Rabbi Alan Kay, rabbi emeritus, Temple Beth Emeth, Mount Sinai:

I've always thought of tolerance as something that is innate in our being. I've never thought of it as a hijackable concept. Even in the story of creation, it is implicit in my thinking. Adam and Eve are given responsibility for caring for all beings. There is no distinction between accepting and tolerating in the story of creation.

We accept all creatures regardless of how we think of them or whether they are attractive to us. They were created by God and we accept them. While an ugly beast may not be pleasant to me, I still tolerate it because it is made by God.

The same thing happened with Noah and the ark. The animals were chosen two by two, and all were on the ark. While we may not understand the value of cockroaches and bedbugs, they were on the ark. We have to meet the challenge of them being a part of our lives.

It is easy to accept what you do understand and see a value to. Tolerance is a valuable trait you don't have to always understand but you can tolerate. I'm not embarrassed or ashamed to say I can learn to tolerate something.

Father Alexander Karloutsos, Greek Orthodox Church of the Hamptons, Southampton:

If tolerance means you don't share with someone the truth about your convictions, then yes, tolerance has been hijacked. We all should address the truth head-on. When you are talking about violence in the name of religion, you're talking about an act against religion. We should not tolerate that. When anyone seeks to justify violence and other religious leaders tolerate it, that is against the concept of tolerance.

For example, when Iranian President Mahmoud Ahmadinejad stood in front of the United Nations and said the United States fabricated the terrorist attacks of Sept. 11, and none of the Muslim clerical leaders disputed him or raised a voice against it, that was meekness, not tolerance.

If we're afraid to speak the truth, then, yes, tolerance has been hijacked. I have no problem with tolerance, as long as you're speaking the truth in love. I have no problem with embracing another, and we must have tolerance, but you must be able to speak the truth - and stand up when need be.
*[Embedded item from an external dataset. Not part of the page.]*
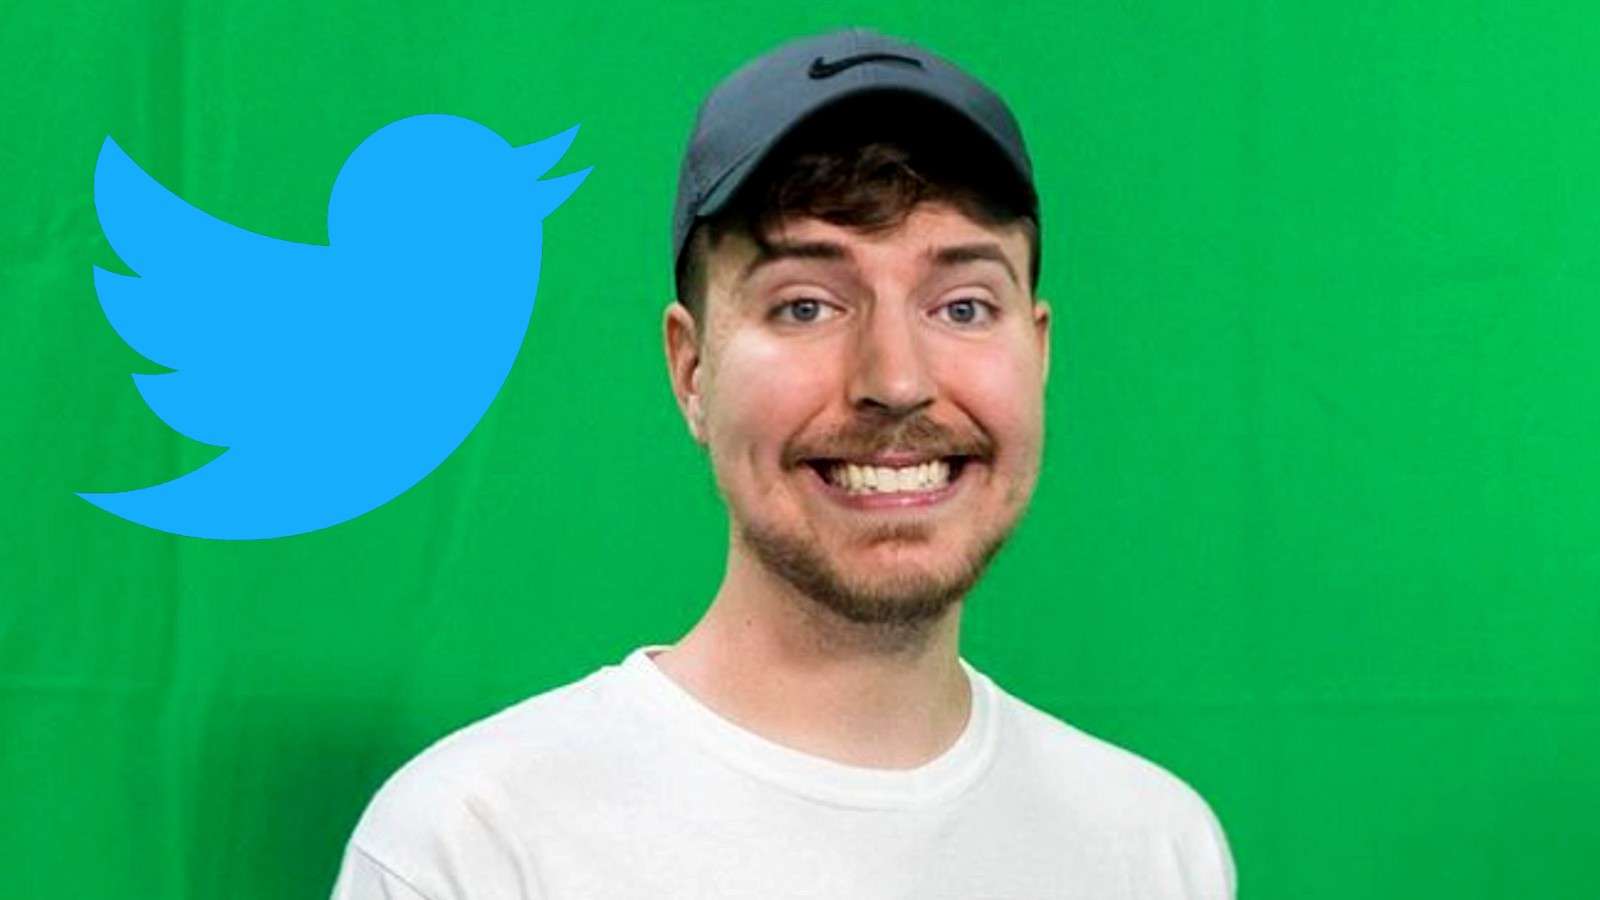 Mr Beast in front of a green screen next to the Twitter logo
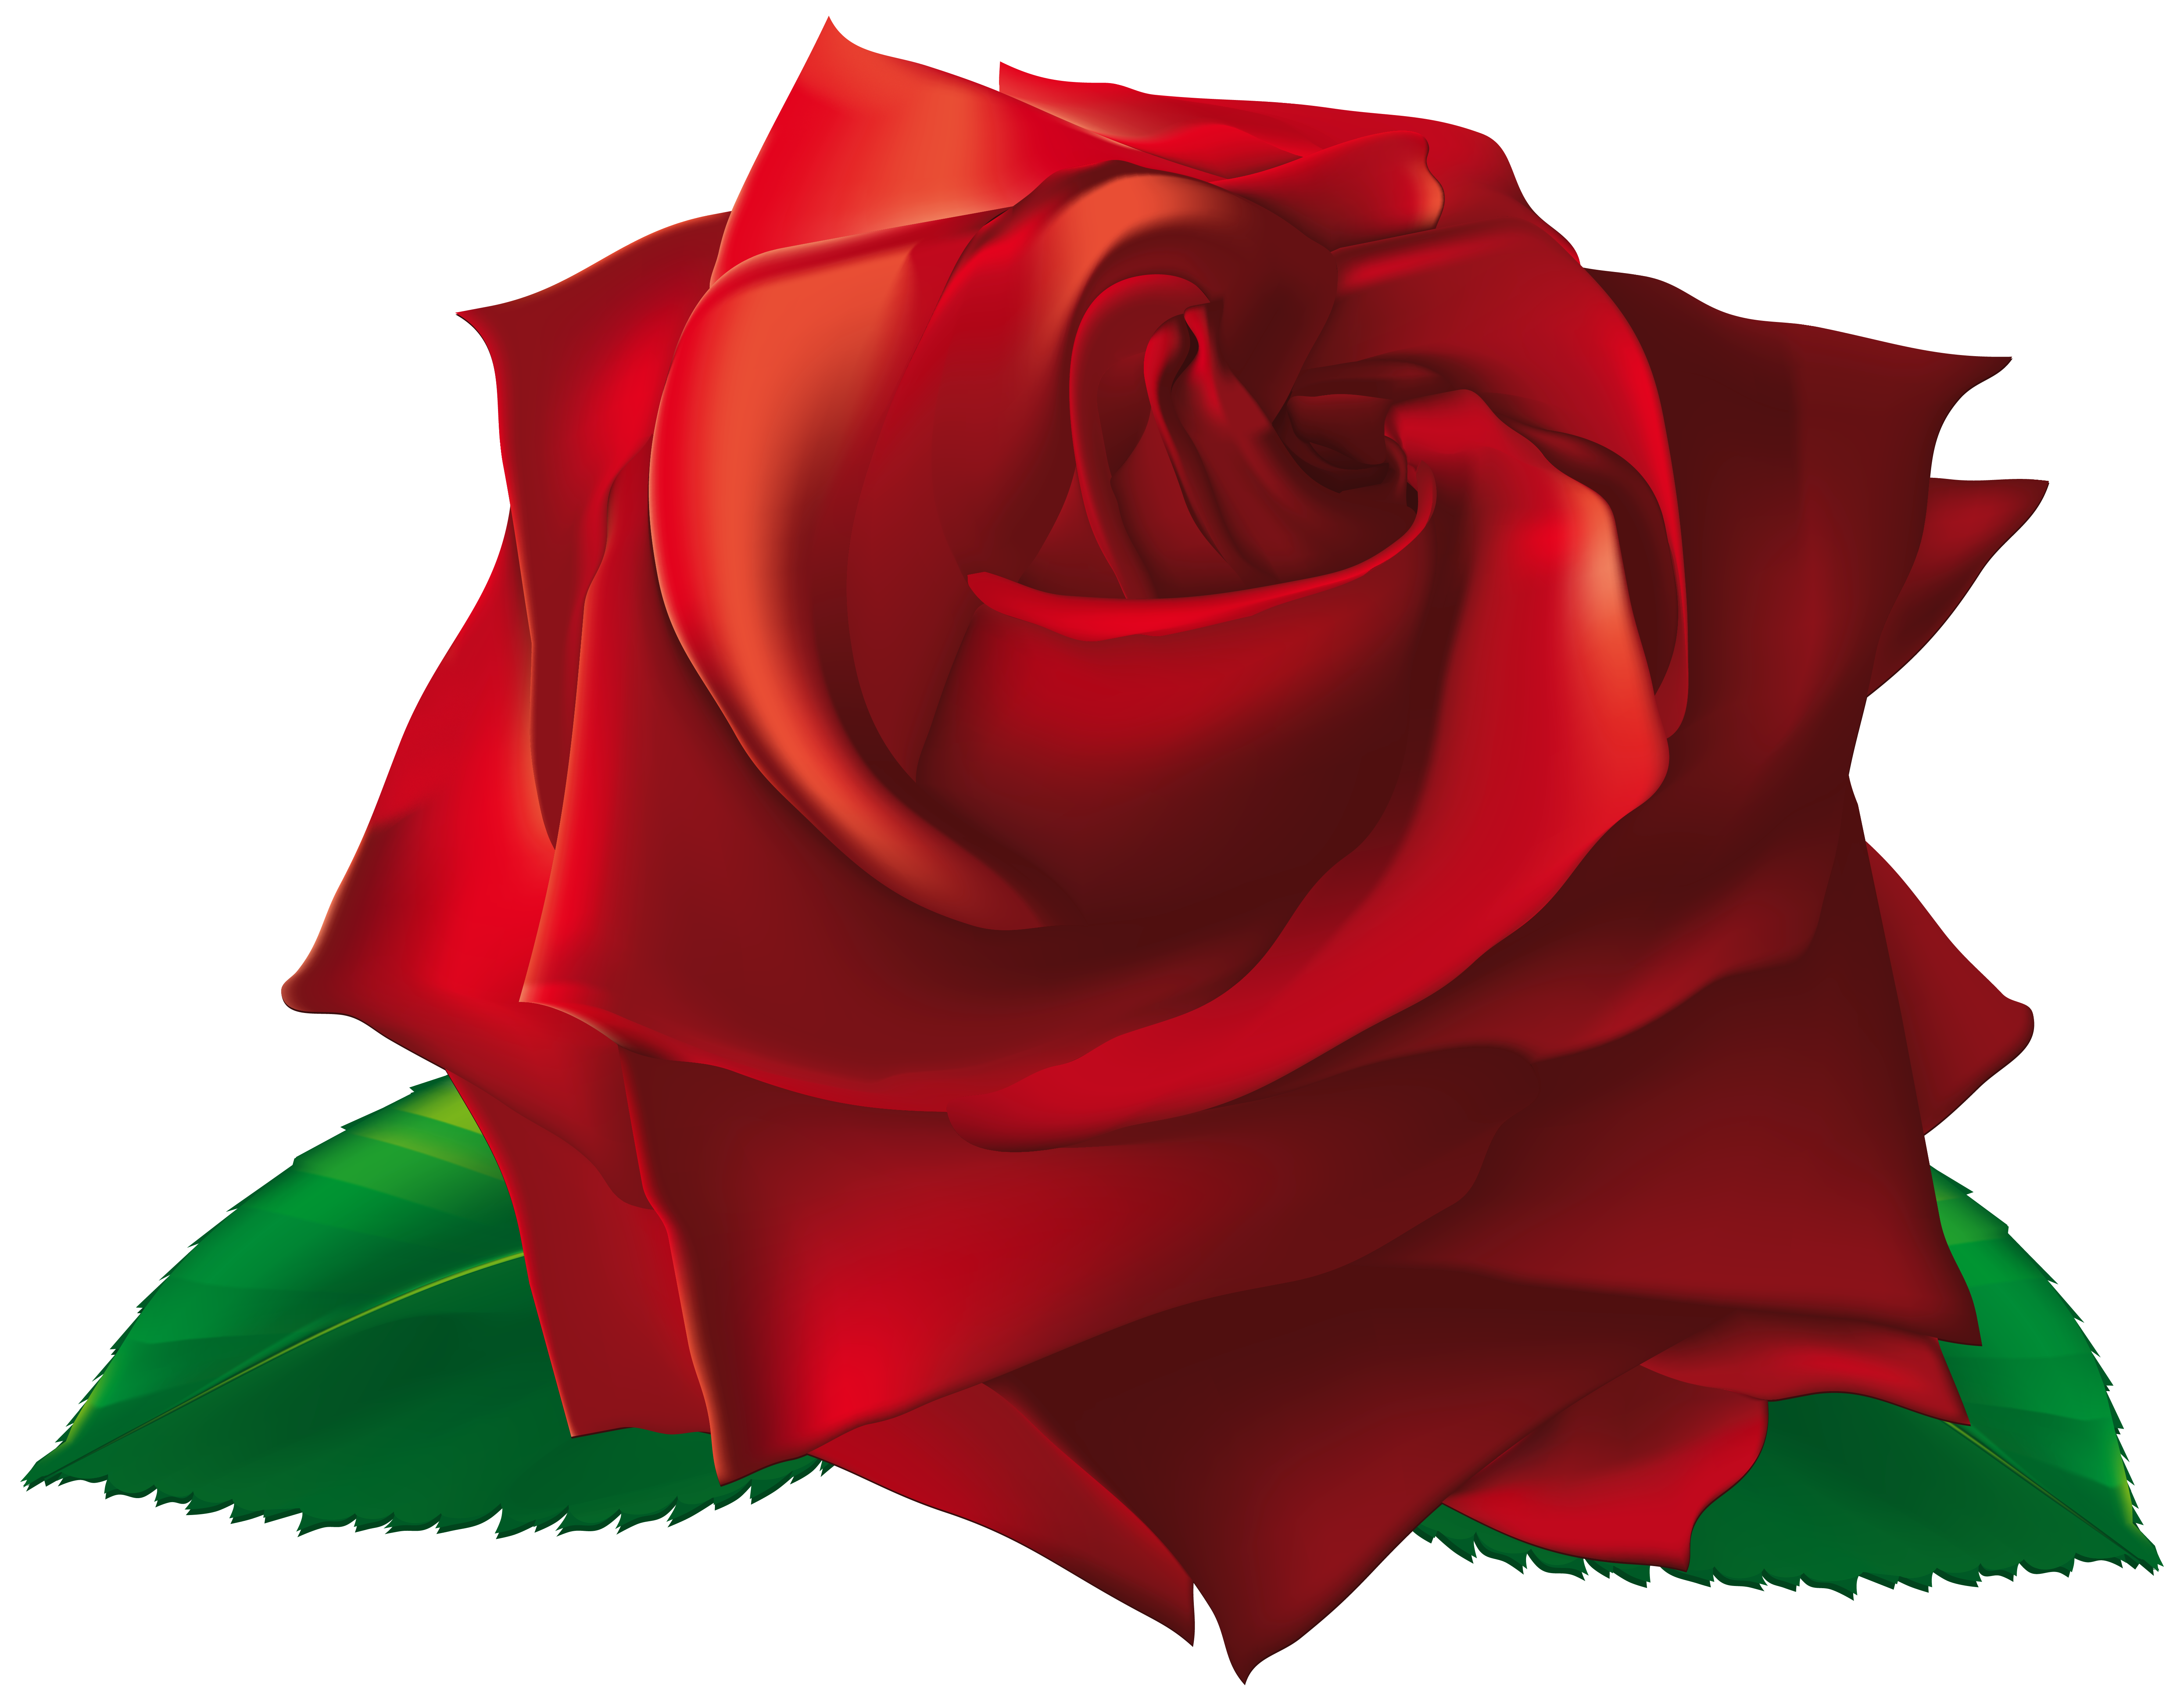 Red Single Rose PNG Clipart Image

Pastor Dennis Walker, Holy Cross Lutheran Church, Commack:

If it hasn't been hijacked, it has been severely knocked in the head recently. Not only do we debate the facts now, we can't agree with what the facts are. I think a lot of this goes back to advances in technology and the repeal of the fairness doctrine in broadcasting (in 1987). We see news as entertainment rather than information.

Anger as entertainment is the overarching problem we're dealing with today. Tolerance doesn't get ratings. Tolerance is always difficult to cultivate because of the basic selfishness of human nature - not so much a sin as human behavior.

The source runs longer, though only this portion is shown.